日本の7月の平均気温も、近代的な観測が始まってからの125年間で最も高かったことが、気象庁のデータから 明らかになっています。先月の中旬のことです。「日本もとても暑くなってきました……。身体がまだ暑さに慣れていないせいか、外に出るとぐったりしてしまいます」という連絡が、大阪在住の知人の男性からありました。普段からジムで体力維持に励んでおり、体力には自信のある彼でさえ、ぐったりしてしまう暑さなのかと、驚いてしまったことを覚えています。
アメリカでも、熱波 がカリフォルニアの内陸部から南フロリダまで広がるように続いています。特に、先月末は「危険な暑さ」にあるとして、ニュース番組の天気予報で、連日警戒が呼びかけられるほどでした。

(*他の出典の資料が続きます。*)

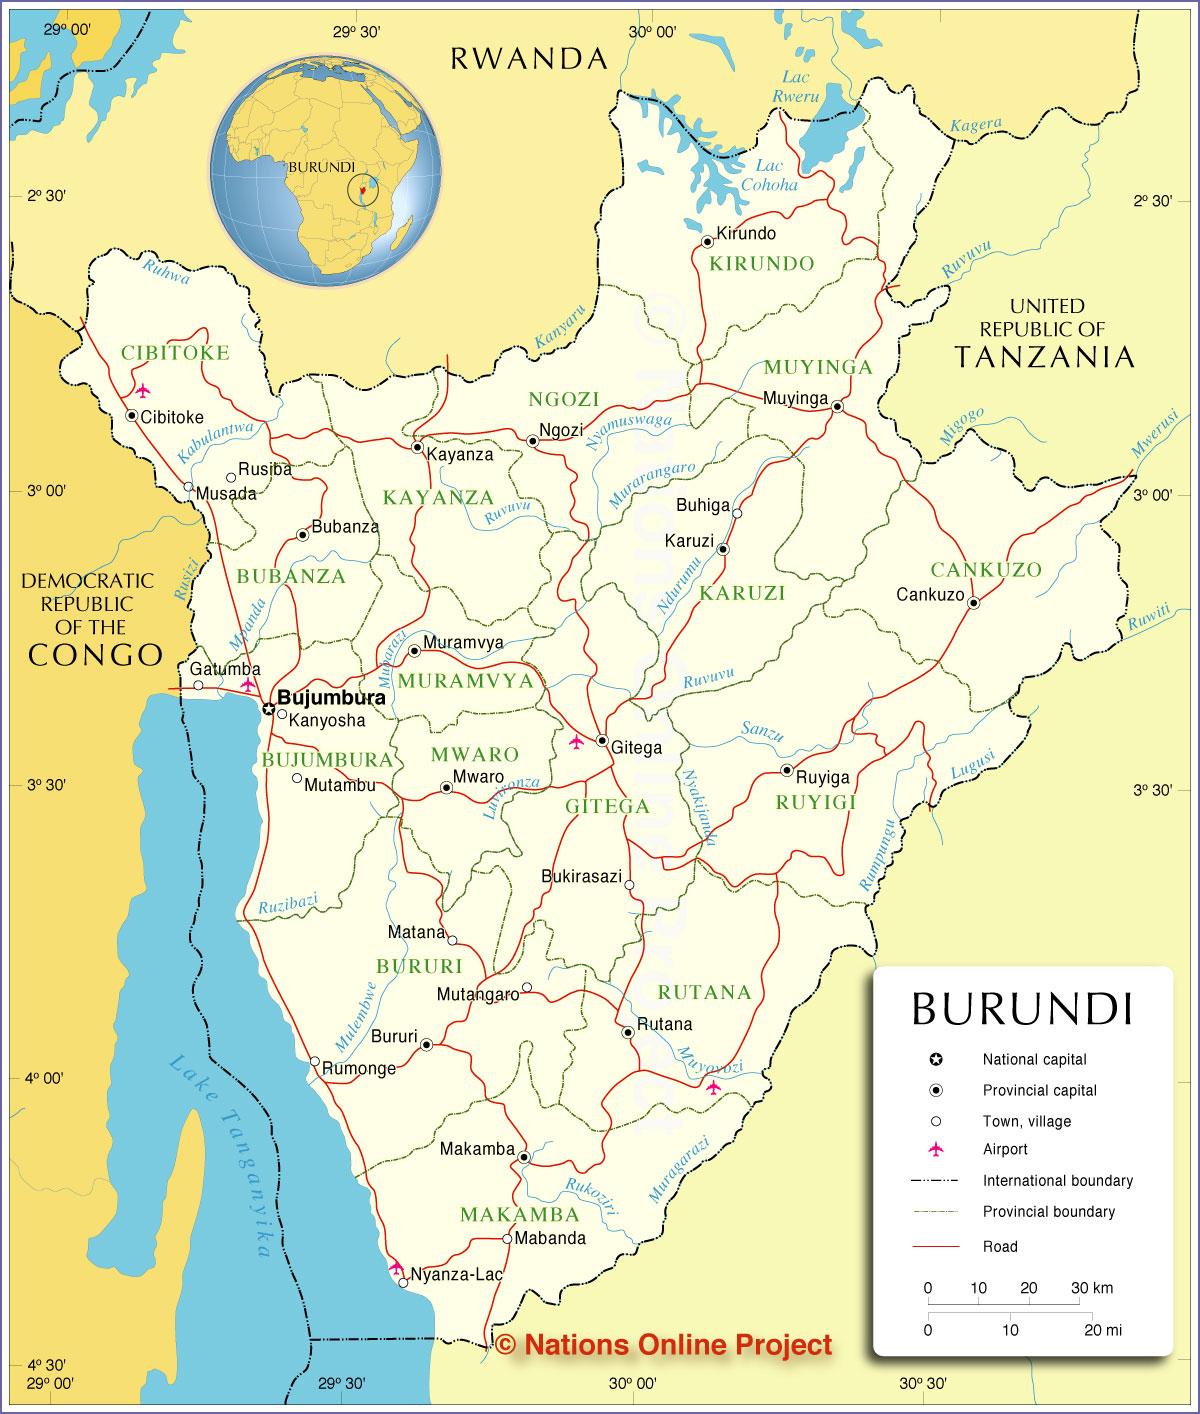 Burundi | Mapas Geográficos do Burundi

私が滞在しているサンディエゴの沿岸部は、例年よりも暑い夏になっているといえども、最高気温が26度から30度と、めったに30度を超えることはありません。しかし、少し山側へ行くと、どんどん気温が上がります。沿岸部と10度以上の気温差があることもよくあります。

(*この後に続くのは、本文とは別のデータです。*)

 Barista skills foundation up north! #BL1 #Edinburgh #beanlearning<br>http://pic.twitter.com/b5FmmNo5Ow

初めは、海側よりも山のほうが、気温が高いということが不思議でならなかったのですが、カリフォルニア州の気候が、緯度、標高および海岸からの距離によって砂漠気候から亜寒帯気候まで様々であること、そして日本の気候とは全く違うことを体感することで、「そうなんだ」と納得することがようやくできるようになりました。